Nick Hornby, Stephen King and other literary types have done volumes for Marah’s career, yet being a pet band for baby boomers — claiming ownership because they remind them of the music of their youth — is a one-way street that’s not going in the band’s direction. Yes, a lot of Marah’s music is rooted in the Faces, Bob Dylan, Bruce Springsteen and ’60s pop. But we don’t need Hornby and company to remind us of that, because the band is talented enough to make it a moot point.
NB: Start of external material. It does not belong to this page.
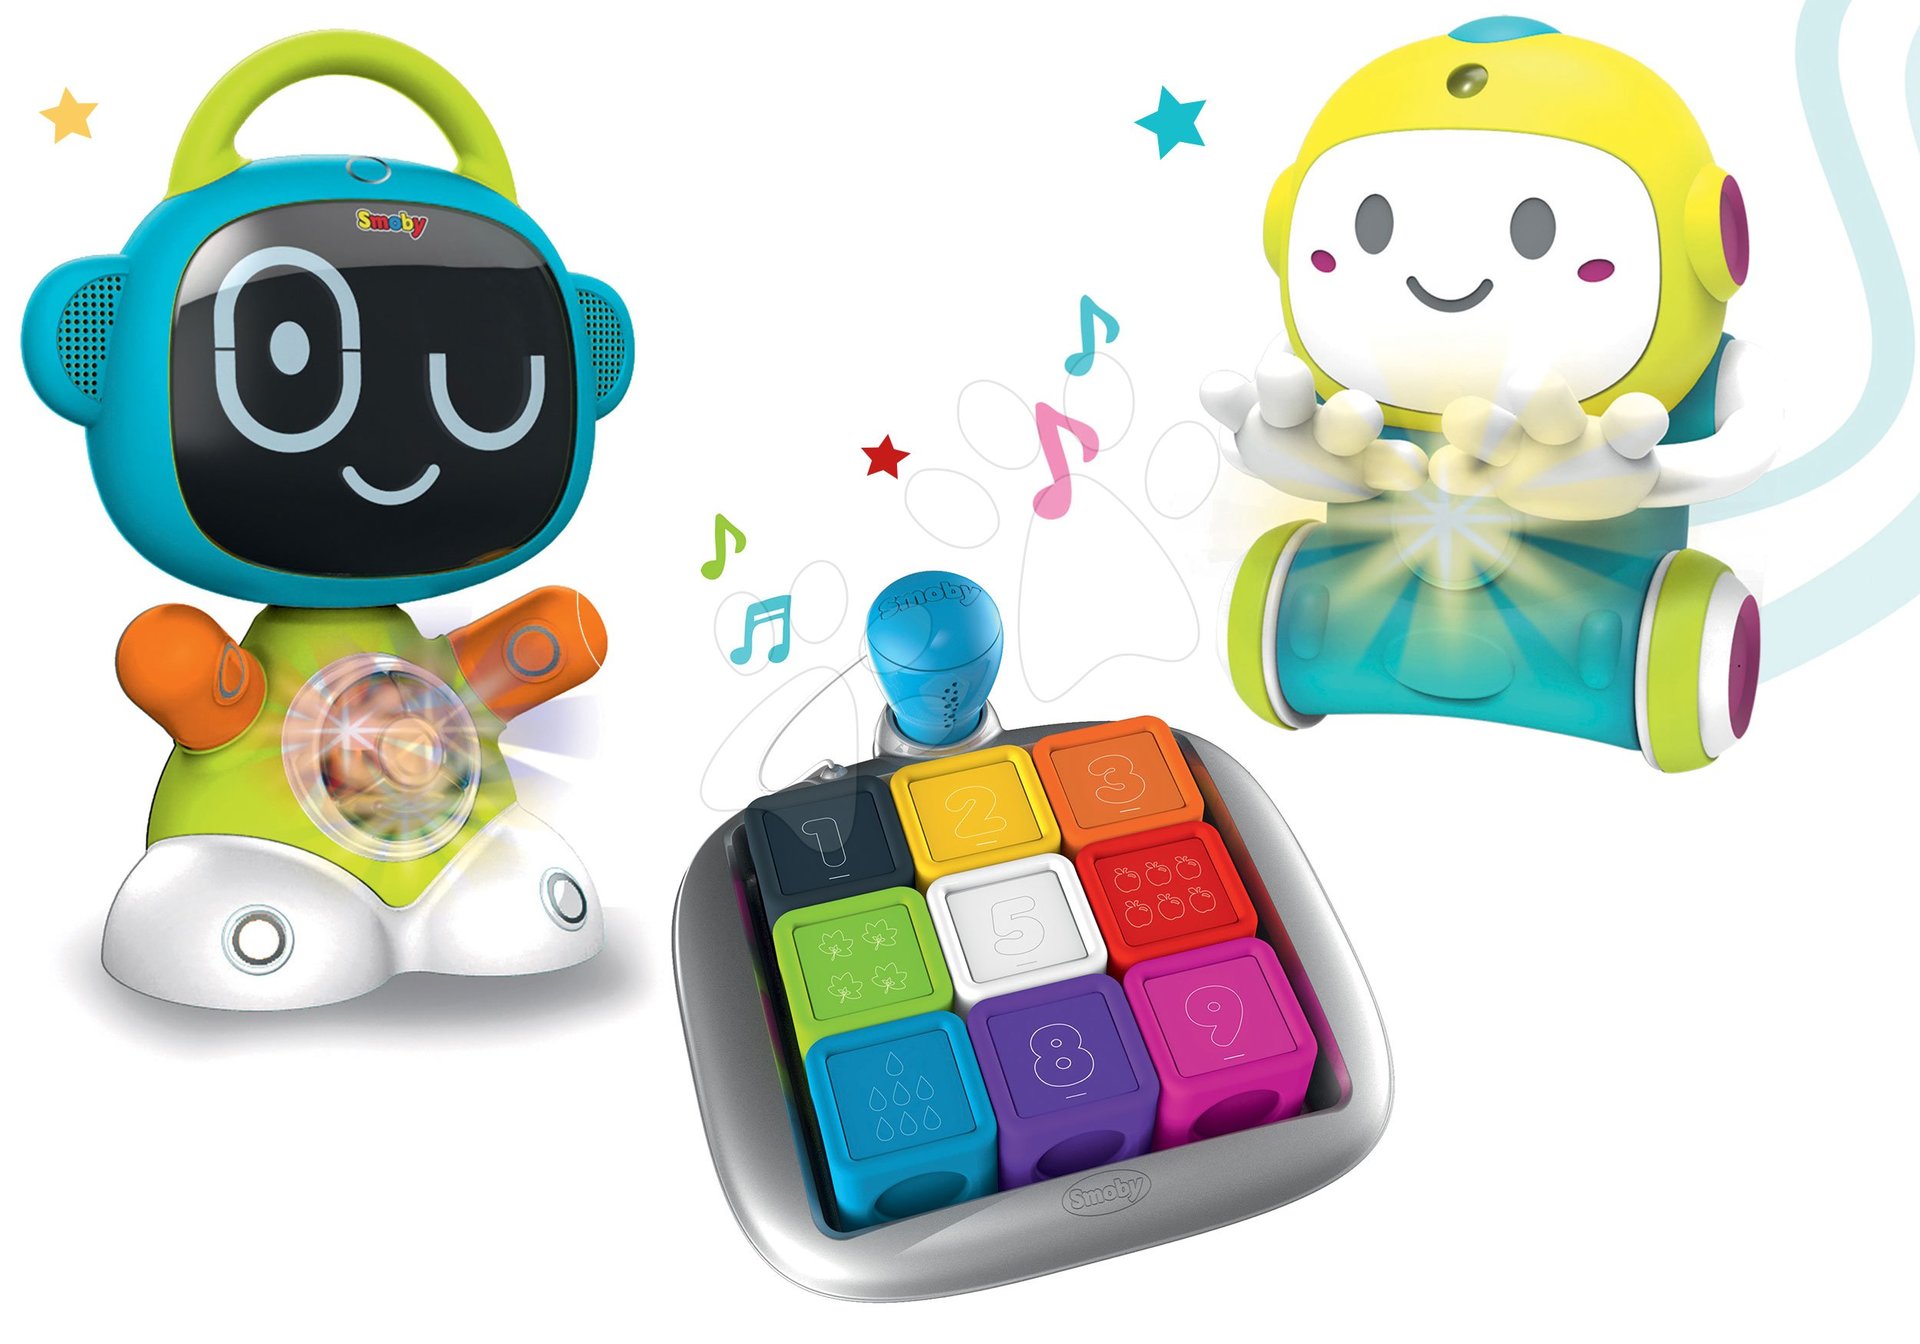 Pre bábätká - Set interaktívny Robot TIC Smart Smoby s 3 náučnými hrami hra na schovávačku a múdra hra kocky

Truth is, classic rock convention has never disappeared and is not the property of a certain generation. What is negligible is passion. Which is no ordinary word on the Philadelphia band’s fifth album, which is tough and romantic and, as is the pleasure with Marah, a complete world, with songs linking together one-by-one. There’s no producer, just the band in studio, live. It results in a ramshackle barrage of words, gang vocals and top-flight energy. The aces Marah holds are working-class anthems (“Poor People”), barroom country flicked with slide guitar (“Sooner Or Later”), and story-songs (“The Dishwasher’s Dreams”) that strike gold with lines such as, “Where the tower of plates threw shadows on our fates.”
However killer they are live, Marah has an emotional complexity that only bands such as Wilco seem to get acknowledged for. Hints of self-destruction belie the pop thrust of “Demon Of White Sadness” (“Falling out of favor was my favorite thing,” Dave Bielanko sings). No matter what references Marah continues to dodge, confidence keeps them a step ahead.